Problem requirements
Pictures aside, reproduce exactly and only the lines below, starting at the one containing "Littoral de la" and ending at the last line.

Stored data
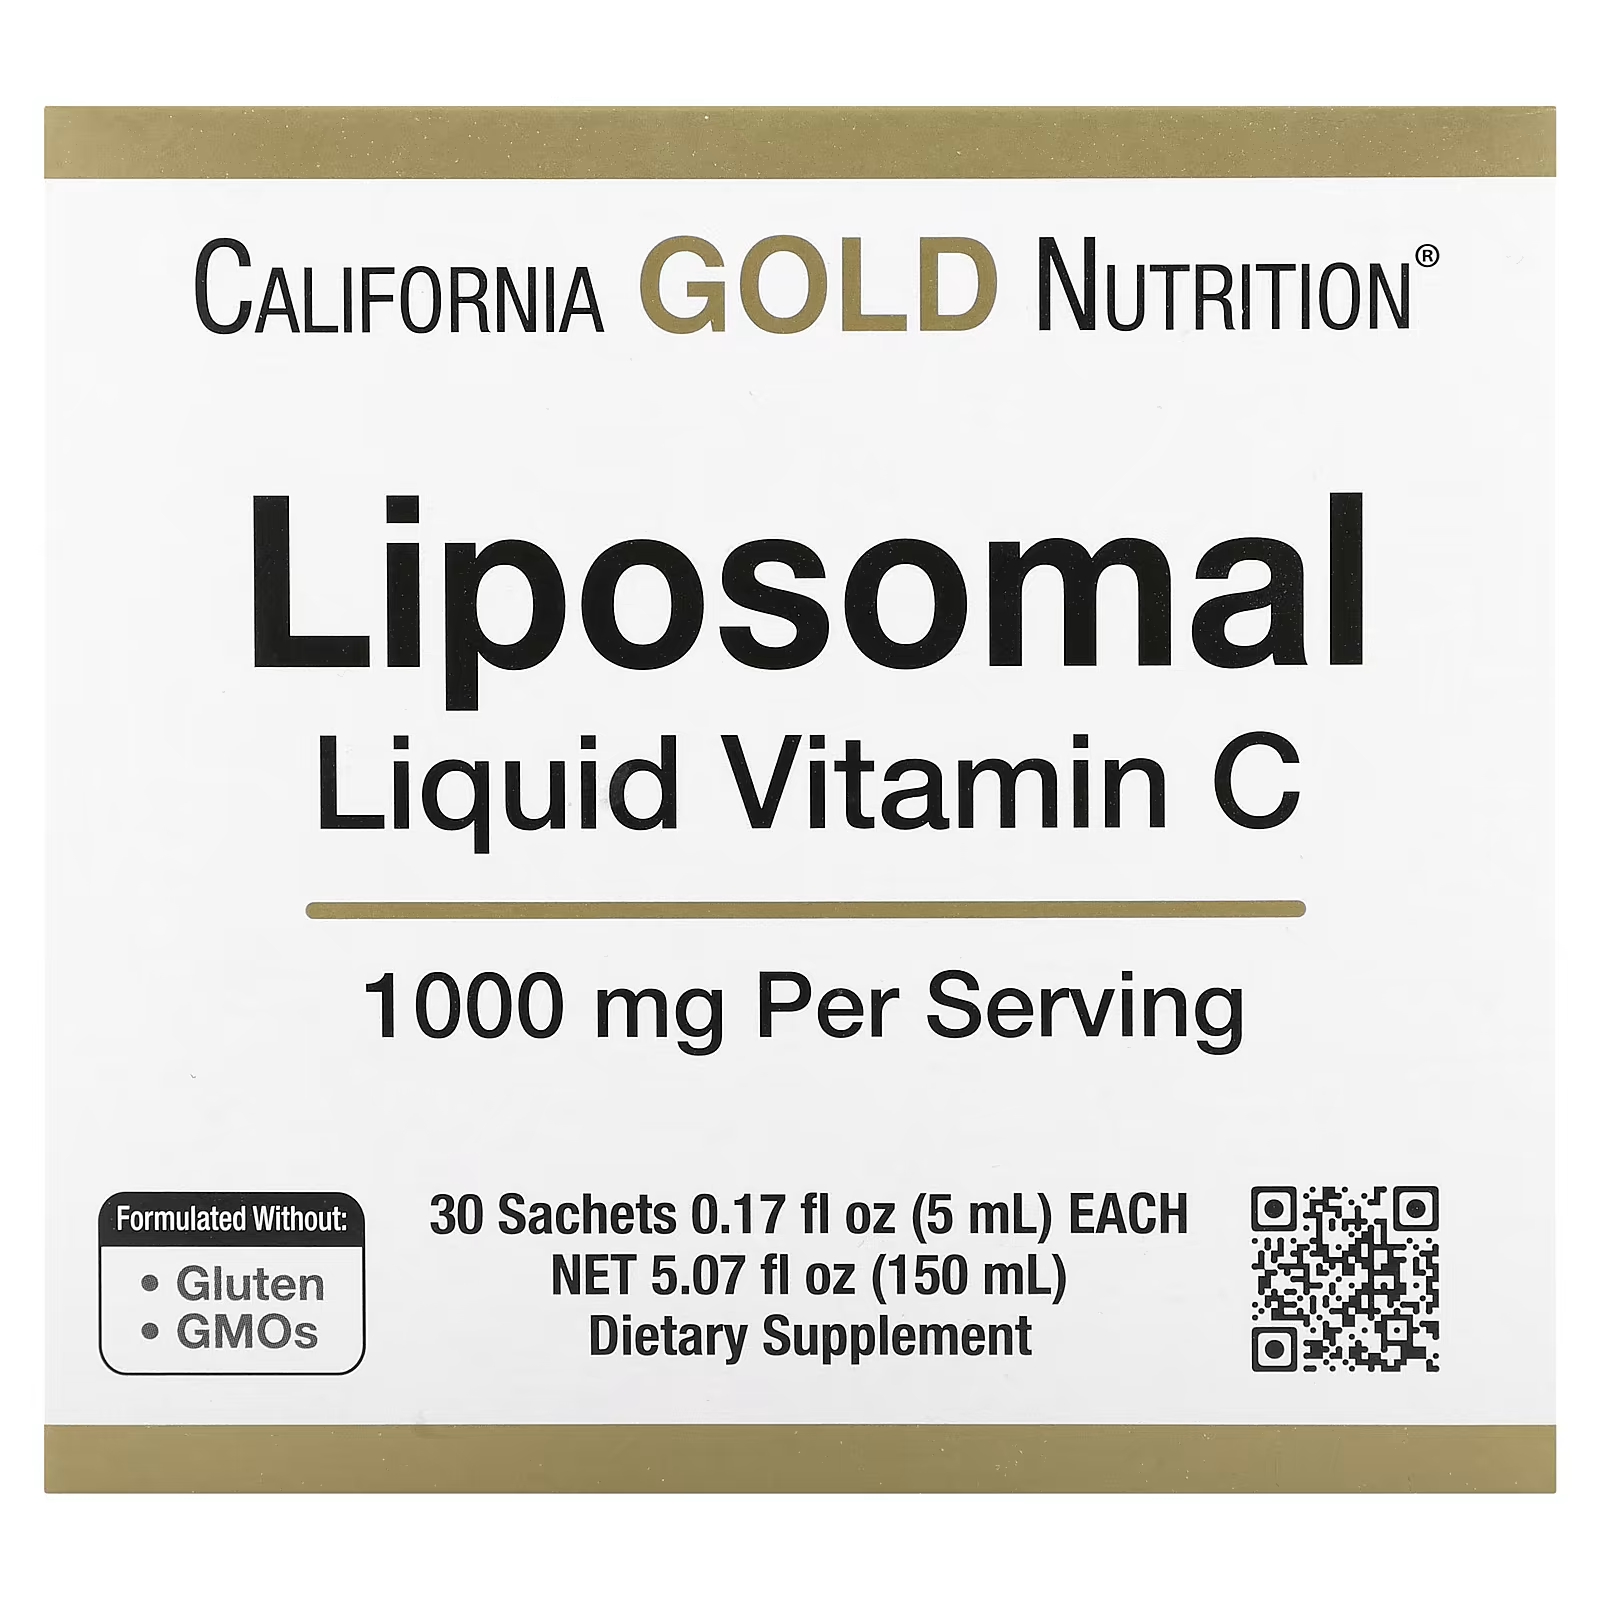 Липосомальный жидкий витамин С без вкуса, 1000 мг, 30 пакетиков California Gold Nutrition цена и фото
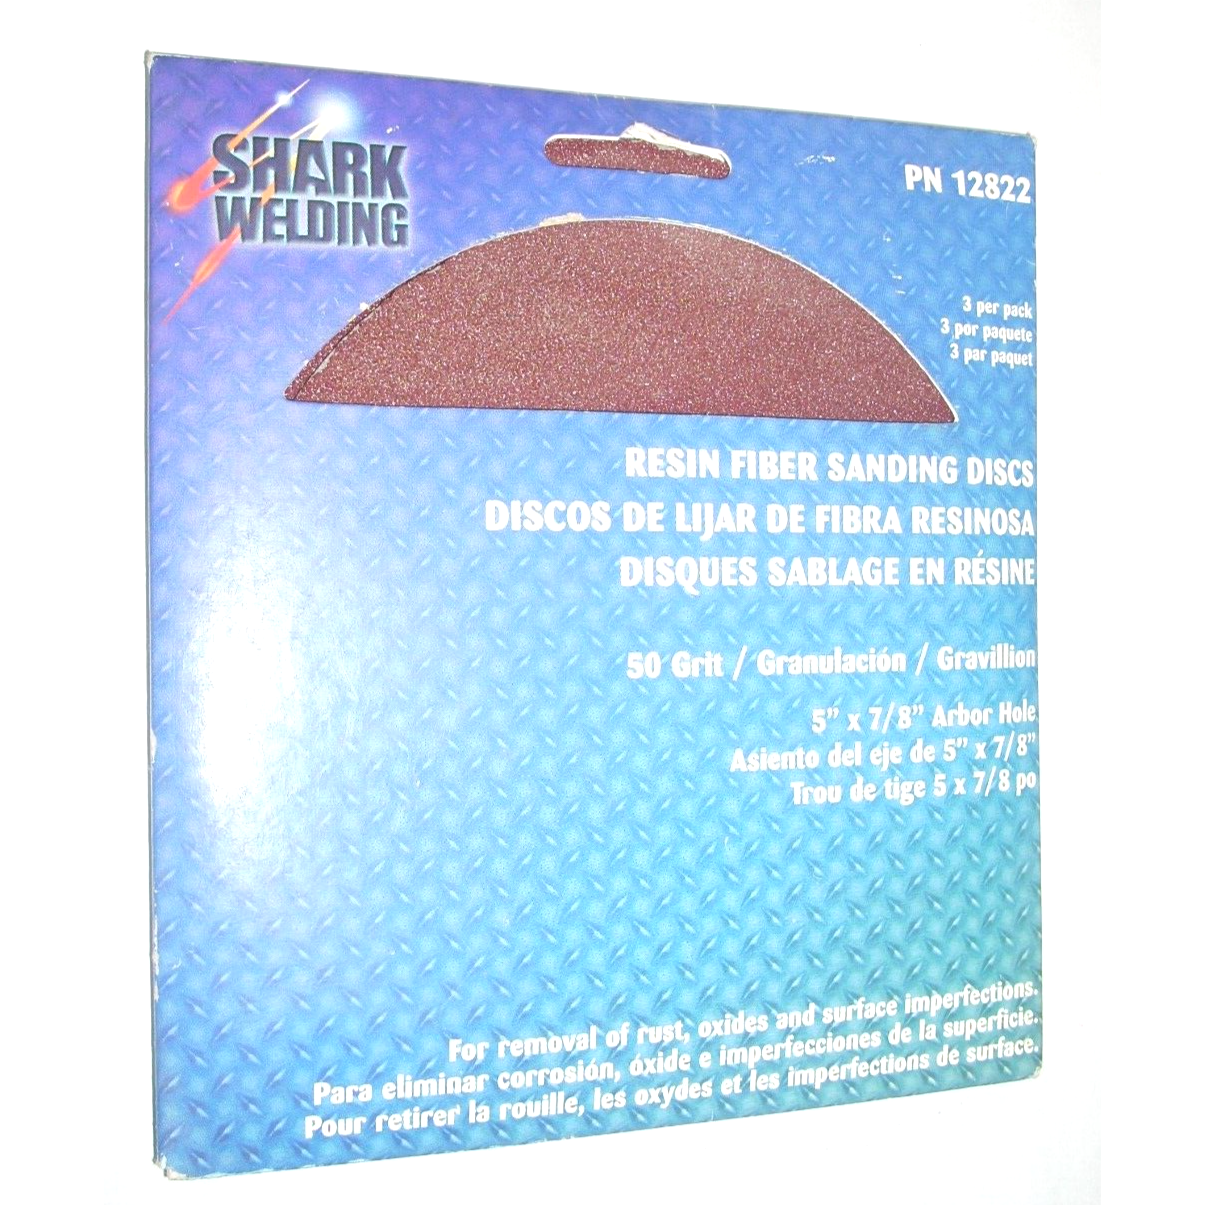 Shark 12822 Resin Fiber Sanding Discs 5 x 7/8 80 Grit for Metal 3pk
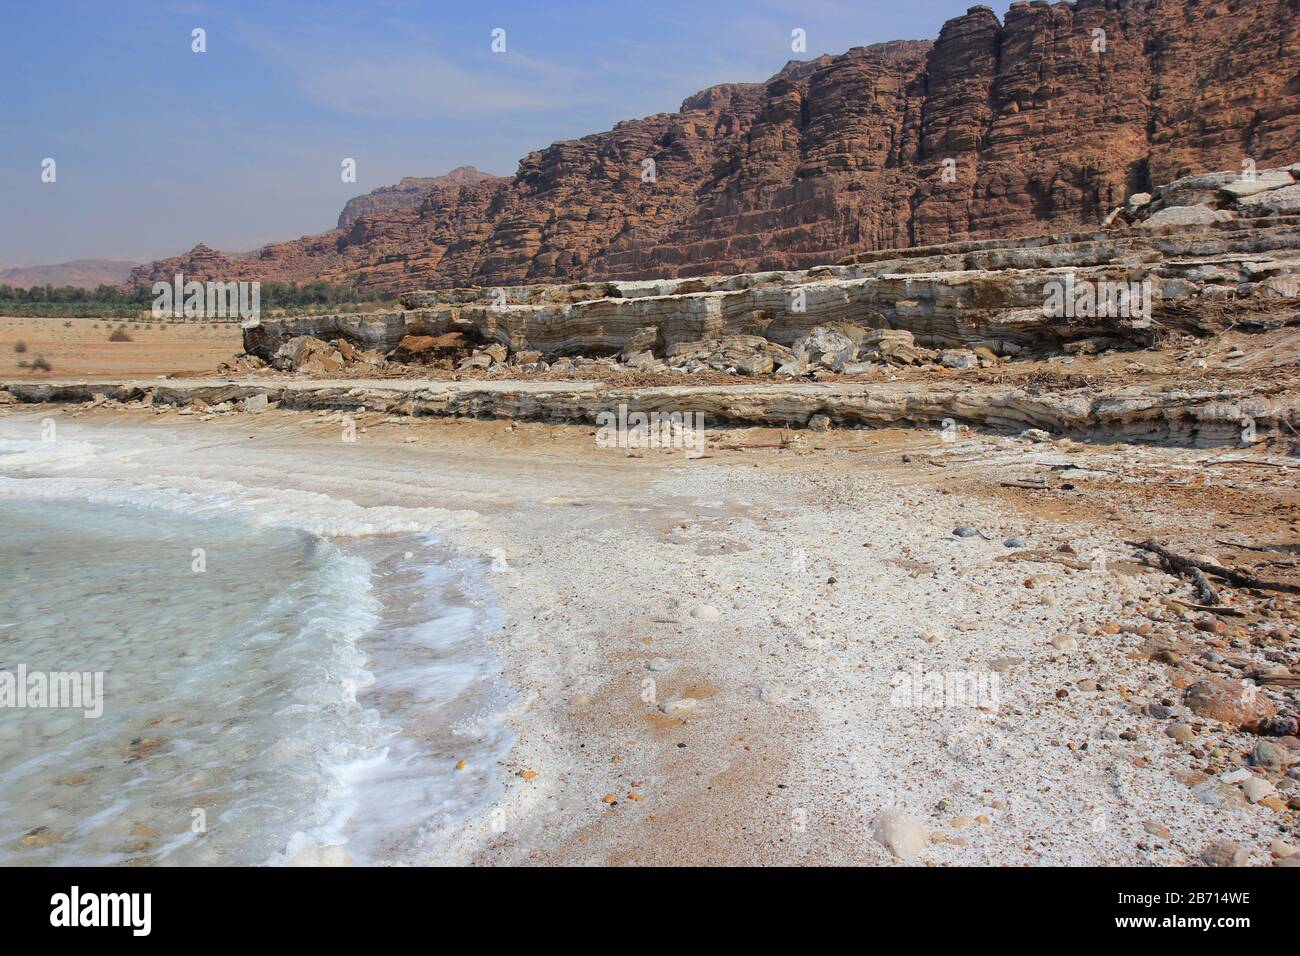 Littoral de la route de la mer Morte, zone d'altitude la plus basse sur Terre, Jordanie, Asie occidentale Banque D'Images
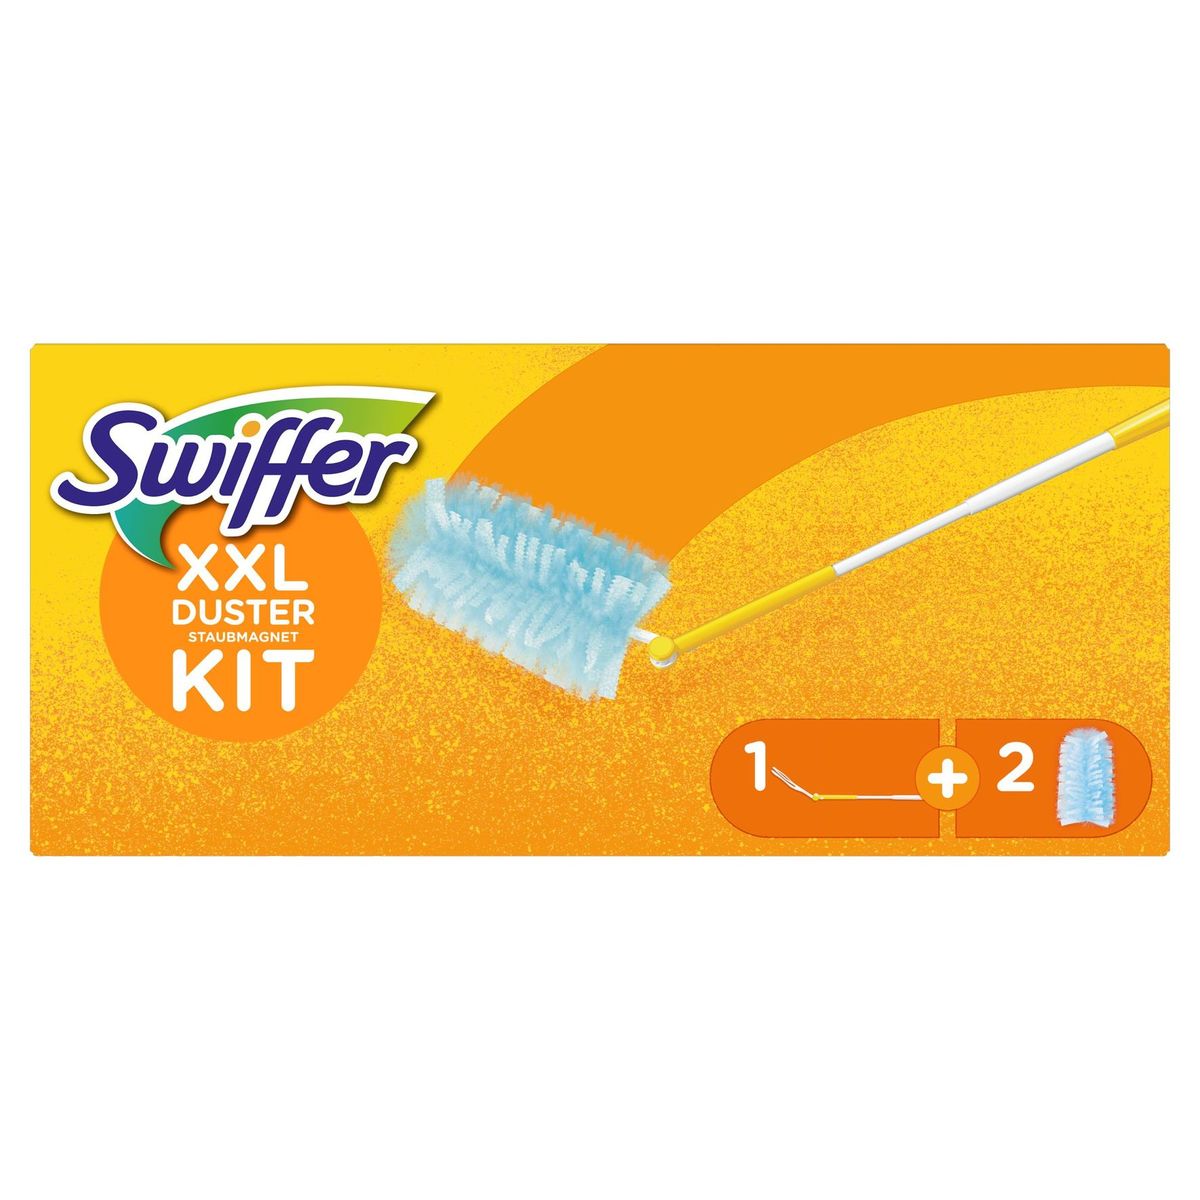 Swiffer Duster XXL Trap & Lock-kit Voor Vloer

Answer below
 Littoral de la route de la mer Morte, zone d'altitude la plus basse sur Terre, Jordanie, Asie occidentale Banque D'Images
 Swiffer Duster XXL Trap & Lock-kit Voor Vloer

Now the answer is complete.